Now the truth is that there were other factors at play like for example that Didi was a homegrown company. For Uber, burning $2B in China was a big deal, yet for Didi (and for their investors TenCent and Alibaba), spending $2B to win at home was nothing. For Uber, China was a big opportunity, for Didi it was life or death.
In the end, Didi beat Uber China, and acquired their China business in exchange for $1B and a stake of 17.7%. Since then, Didi has grown to 400M registered users and 4M drivers, and delivers 25M rides a day in 400+ Chinese cities – roughly TWICE as many as Uber and all the other global sharing apps COMBINED. The acquisition further cemented Didi as the planet’s most valuable startup (for now), with a $56B valuation, speeding past Uber, whose most recent round saw its worth fall to just $48B.
Despite Uber’s stake in Didi, the two companies are in a fierce battle on global stage. Didi’s recent acquisition of 99 Taxis in Latin America was a provocation of Uber whose two largest markets are Mexico City and São Paulo. While still loss-making in China, Didi is poised to enter this battle with about $20B raised (more money than any VC-backed startup ever) and cash reserves of $12B.
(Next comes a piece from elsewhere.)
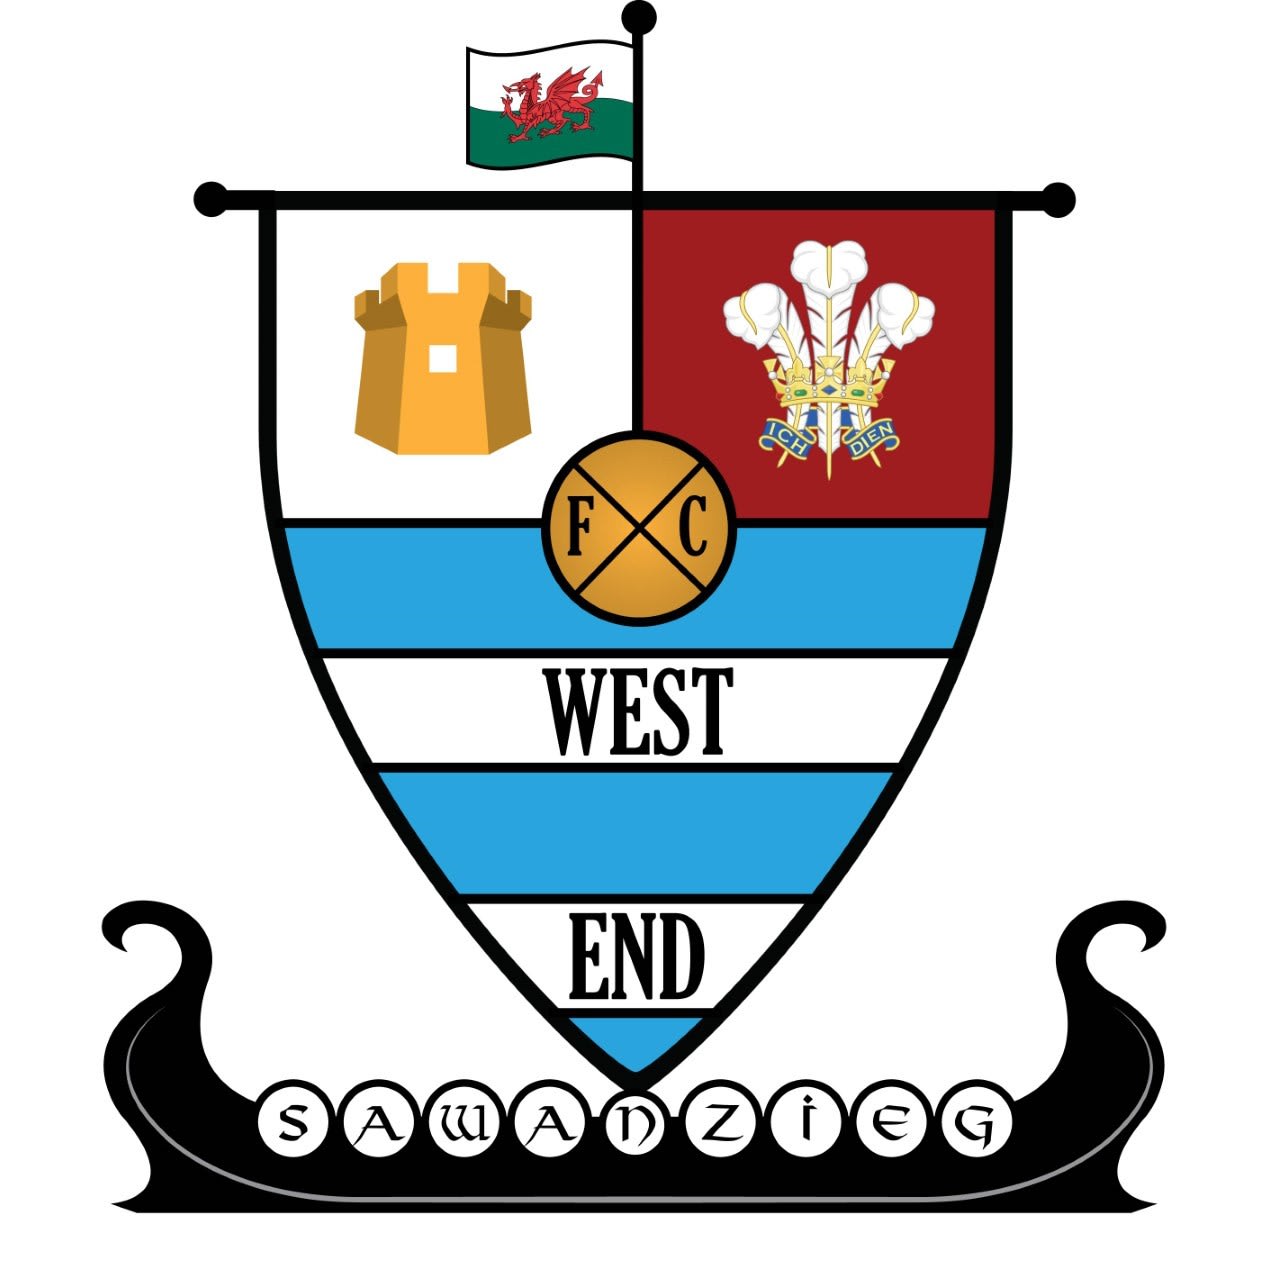 West End Football Club

A personal anecdote: our meeting with Uber China started with their off-the-shelf “from bits to atoms” PR story, and then ended with a picture of four women in miniskirts advertising open roles on their team. What actually did arouse us (non-sexually) was seeing CEO Travis continuously run back and forth hectically. About 18 months later, during my interview with Ofo, its co-founder asked me how Ofo can be successful outside of China, to which I responded with a lot of the aforementioned empathy points while also trashing Uber China. Clearly I had not done my homework, because he was actually an ex-Uber China employee and considered the “rising star” of the organization. He still hired me and we both found out later that he was actually supposed to host us at Uber China that day, but that Travis was in town and had pulled him into meetings.